Ultrafiltration: For concentration through ultrafiltration polyether sulfone membrane with a nominal molecular weight limit (NMWL) of 300 kDa (Millipore Corporation, USA) was used to concentrate the virus [23,24]. 100 ml virus  suspension was added into the filtration chamber and specific pressure was generated for proper filtration recommended by Millipore Corporation. Filtration was done until the retentate  of UF reached  10ml volume (final concentration factor 10 or 10 times concentrated).

Concentration through Methanol: 100ml virus was taken and methyl alcohol (95% pure molecular biology grade methanol) was added at the rate of 20 % final volume according to Barlow [15]. The suspension was placed at -6℃ for overnight incubation. The next day centrifugation was done at 4000 rpm for 20 minutes and a pellet was obtained. The pellet was suspended in 0.04M PBS and elution was done until the eluted volume reached 10ml (concentration factor 10).

Quantification of antigen by size exclusion chromatography (SEC): Quantification of non-concentrated (BEI-inactivated) virus and concentrated virus by the above different method was done by size exclusion chromatography (SEC, Biologic LP chromatographic system 731-8350; Bio-Rad, Hercules, USA) using specific resin Sephacryl ^TM S-300 high resolution (Cytiva, Marlborough, USA) [25]. First of all, resin slurry was prepared, and a Bio-Rad glass column of 50 cm was packed using phosphate buffer (0.01M, pH 7.2).  Packing of the column was done according to the instructions using a pressure flow of 1-2minutes/ml. Already optimized parameters like flow rate (FR=0.75ml/minutes), bed height (48cm), sample volume (W=3.5ml), path length of flow cell (PL=0.2cm), chart recorder speed 12cm/h (S=0.2cm/minutes) were set on machine [26]. Non-concentrated samples were injected through the sample port and a chromatogram was recorded on the PC attached. All the other samples (duplicate of each) of the concentrated virus through different methods like PEG, AS, UF, and methanol precipitation were run, and peaks were recorded in the form of chromatogram at 254nm with E_cm^1% =72; different sensitivity absorbance unit (FSD) [27]. The peak area of each sample was calculated in cm² from the chromatogram. The concentrations of all samples were calculated by following formulae described by [28].

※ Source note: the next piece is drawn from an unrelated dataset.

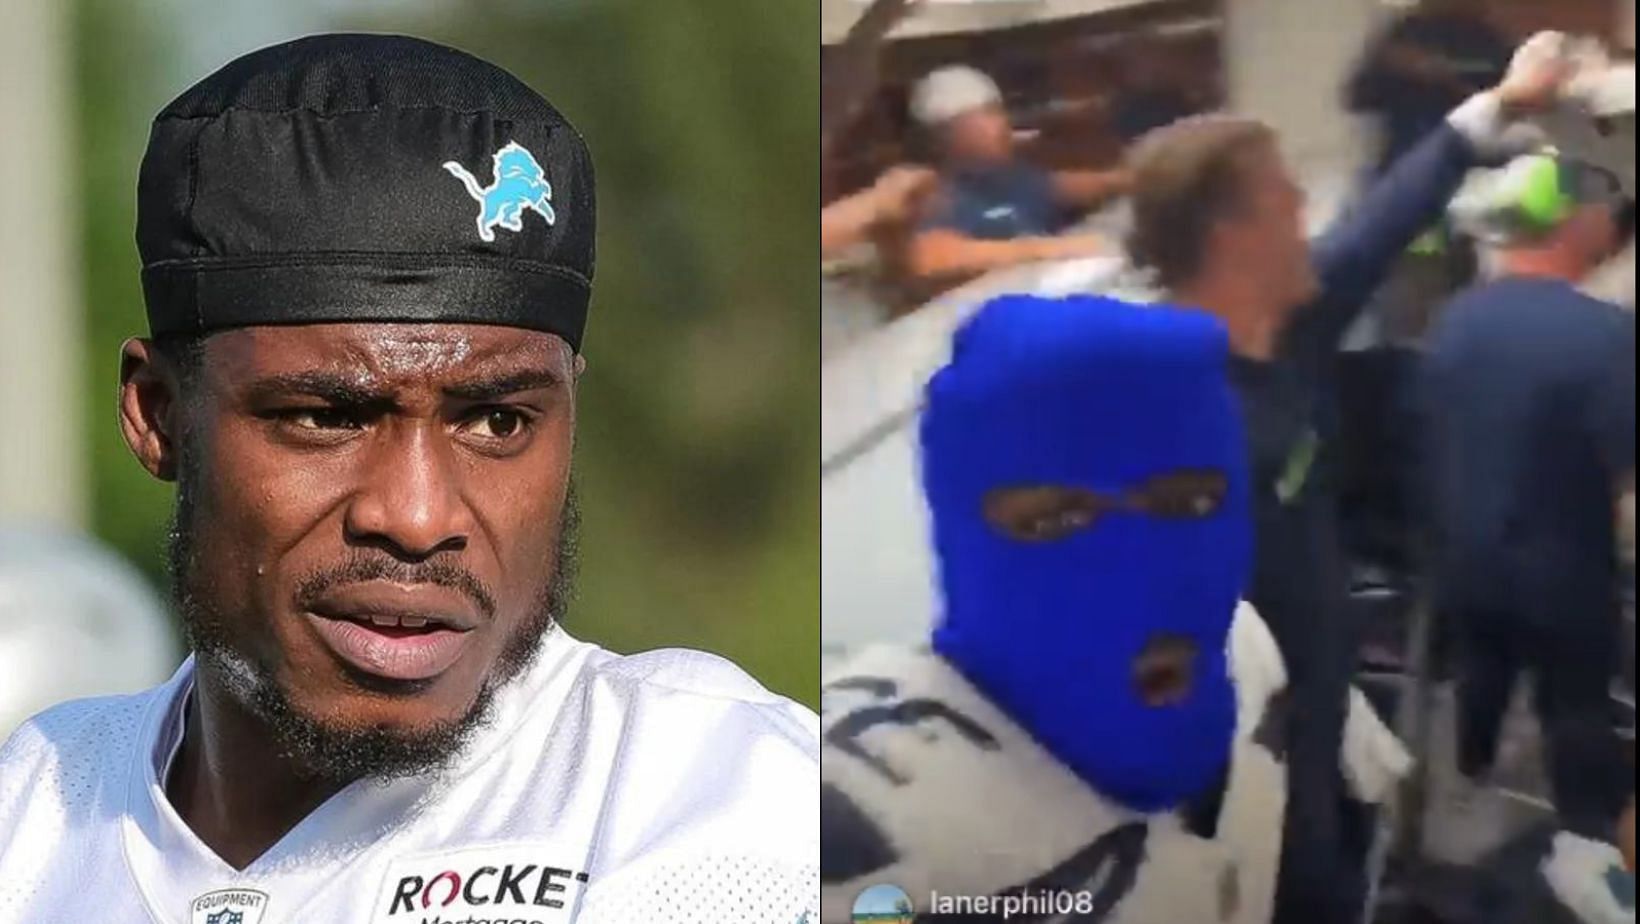 Seahawks mocked Detroit Lions players with the blue ski mask

Concentrations of different samples (concentrated, non-concentrated) were compared to rule out the best method of concentration. Chromatography elutes of all samples were collected separately in falcon tubes and stored at 4℃ for further use in vaccine preparation or other testing.

Antigen Detection through ELISA: The presence of virus in the chromatographic eluted sample is confirmed by using  commercially available ELISA kit (FMDV antigen detection and serotyping ELISA, The Pirbright Institute, UK). Each sample was diluted in diluent buffer and 50ul/well of each sample (PEG, AS, UF, and Methanol precipitated chromatography elute) was added into ELISA plate wells. For the validity of the test Positive inactivated control was expected to give an optical density (OD) value ≥ 1.0 while negative control ≤ 0.1 unit. For the positive sample, yellow color of the well is the first indication. Corrective OD (sample OD-NC) values were measured for the sample to declare positive/negative. If the corrective OD > 0.1 unit then the sample will be positive [29].

Results

The sample was collected and confirmed by RT-PCR (639bp) bands (Fig.1.a) of FMDV serotype ‘O’  observed on 1% agarose gel. BHK-21 cell was revived and a monolayer of cells (5.6×10⁶ cells/ml) was developed on cell culture flasks. Elongated shape cells adherent to the surface of the flask  appeared with a cell count of 5.6×10⁶ cells/ml (Fig.1.b). Virus propagation on the cell leads to cytopathic effects (CPEs) after incubation which indicates the virus's presence. After harvesting of antigen, TCID₅₀ (10^7.5) of live virus was calculated by reed and munch method. Virus inactivation was done by BEI (double inactivation) followed by neutralization of the effect of sodium thiosulphate. Confirmation of inactivation was done, by inoculating the virus on cell culture up to seven passages. No CPEs were found on cell culture after seven passages that confirm the inactivation of antigen. 100 ml of virus for each method was separated; concentration was done by each method, PEG, AS, UF, and methanol. Quantification of antigen (µg/ml) (concentrated and non-concentrated/control) was done by size exclusion chromatography from chromatograms (Fig.2). The amount of antigen determined by column chromatography in the control antigen was 60.17±1.32 µg/ml. 7.5% PEG concentrated showed higher concentration of antigen (467.70±1.47 µg/ml) than 50% AS treated sample (359.16±1.18 µg/ml), UF treated sample (195.38±0.83 µg/ml), and methanol treated sample (83.19±0.19µg/ml) (Table. 1). Antigen detection was done after quantification of concentrate and the samples were positive for serotype ‘O’ of FMDV (Table. 2).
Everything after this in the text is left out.